Interesting details from new iMac teardown

Following iFixit's recent disassembly of the new 21.5-inch iMac, most commentary has focused on questions of where the unit was manufactured, perhaps in the U.S. However, there were other interesting hardware bits in the story.
Written by David Morgenstern, Contributor

Many sites have focused on what was an aside in iFix's teardown: that the label on the back of the iMac said, "Designed by Apple in California, Assembled in USA." There's plenty of speculation on whether Apple has returned to manufacture machines the U.S. and built a factory; or if the unit is custom-built or a standard model; or whether it was manufactured or refurbished; or speculation on an unknown Mexican maquiladora making Macs.  

None of the stories focus on the new iMac hardware and implications for purchasing and repair. The model was the base unit of the new series.

Firstly, the new model's screen is held in place with adhesive rather than magnets. This will make the the machine very difficult to repair and certainly beyond the usual DIY job. While the RAM, hard drive, and CPU are upgradable, the work involved is considerable.

If you're buying this machine, make sure to get everything you might want preconfigured. People who might have upgraded a base iMac will have to take almost everything apart to get to the usual suspects.

Looking at the logic board, the iFixit article points to a hole passing through the board and a set of traces. These are for the Fusion Drive option.

We purchased the "bargain-basement" version of the iMac. We're assuming that the more-expensive version—one that has the built-to-order Fusion drive option—has this connector soldered onto the board, and a 128GB SSD placed into said connector.
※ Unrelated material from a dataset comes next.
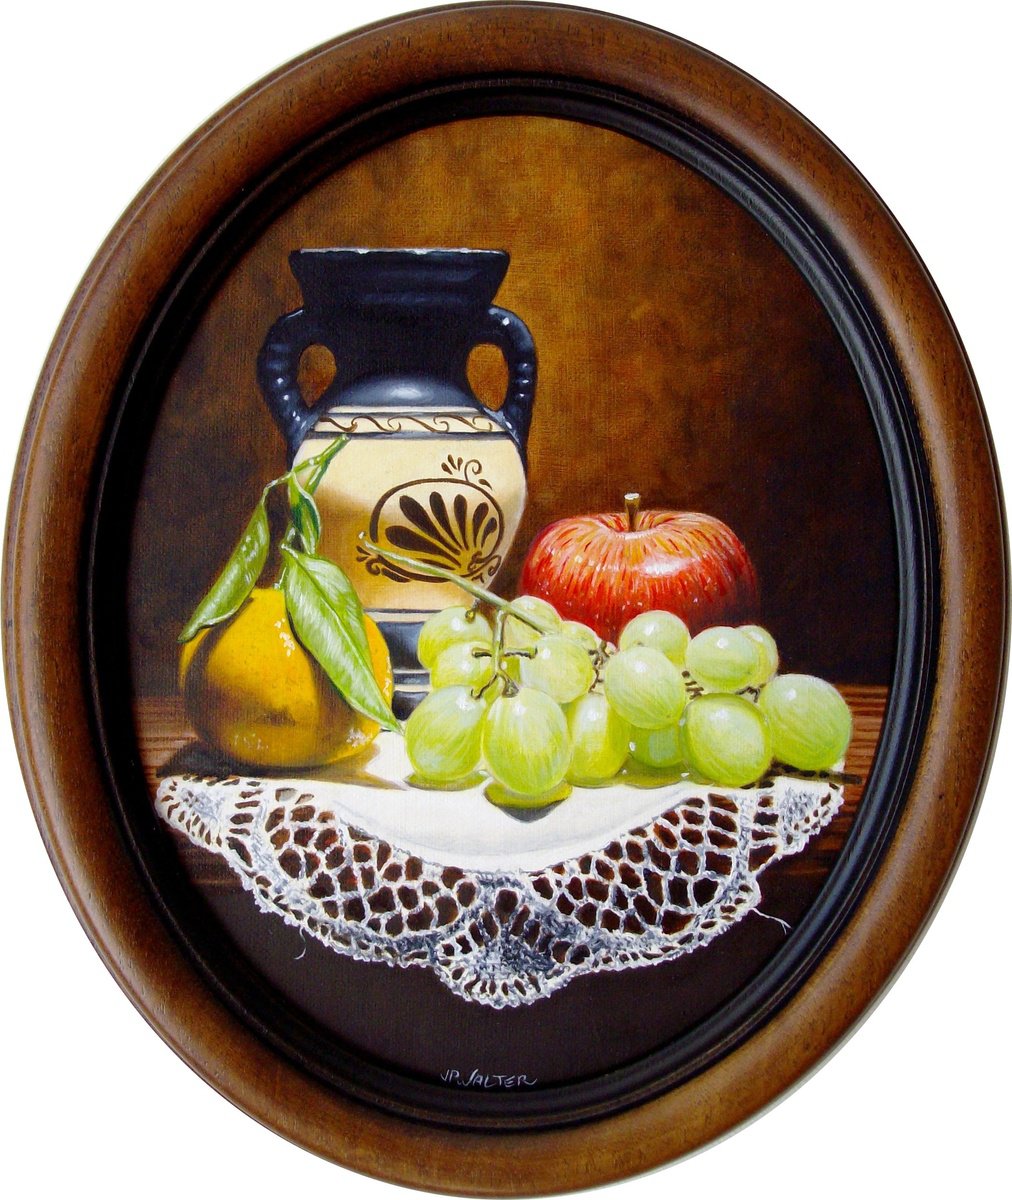 Greek amphora with fruits on lace by Jean-Pierre Walter

In addition, the iMac's hard drive is interesting. Apple moved to a 2.5-inch laptop drive instead of the 3.5-inch drive used in previous iMacs. The unit in the iFixit article was a 1TB drive.

A rubbery housing is lightly adhered to the edges of the hard drive beneath the upper and lower hard plastic bezels.

This design is far different from what we've seen before. Since the internal components are more tightly packed than before, small vibrations may carry through more components. The rubber housing dampens the vibrations from the spinning hard drive so they are not perpetuated throughout the device.

This assertion sounds like speculation to me, but it could be right. There is a concern that hard drive micro-vibrations hit performance in server drives, which was mitigated by installing a special isolation technology in the racks and mounts. However, the study looked at numbers of drives vibrating in a rack. Could these micro-vibrations effect a single drive?

Perhaps the rubber housing is related to focusing airflow in the newly-designed enclosure. The article says the model has a single, larger fan, down from 3 smaller fans in the previous design. The rubber covered the sides of the drive, leaving open the wider side with the drive's electronics.

Check out the iFixit article. It's terrific as usual.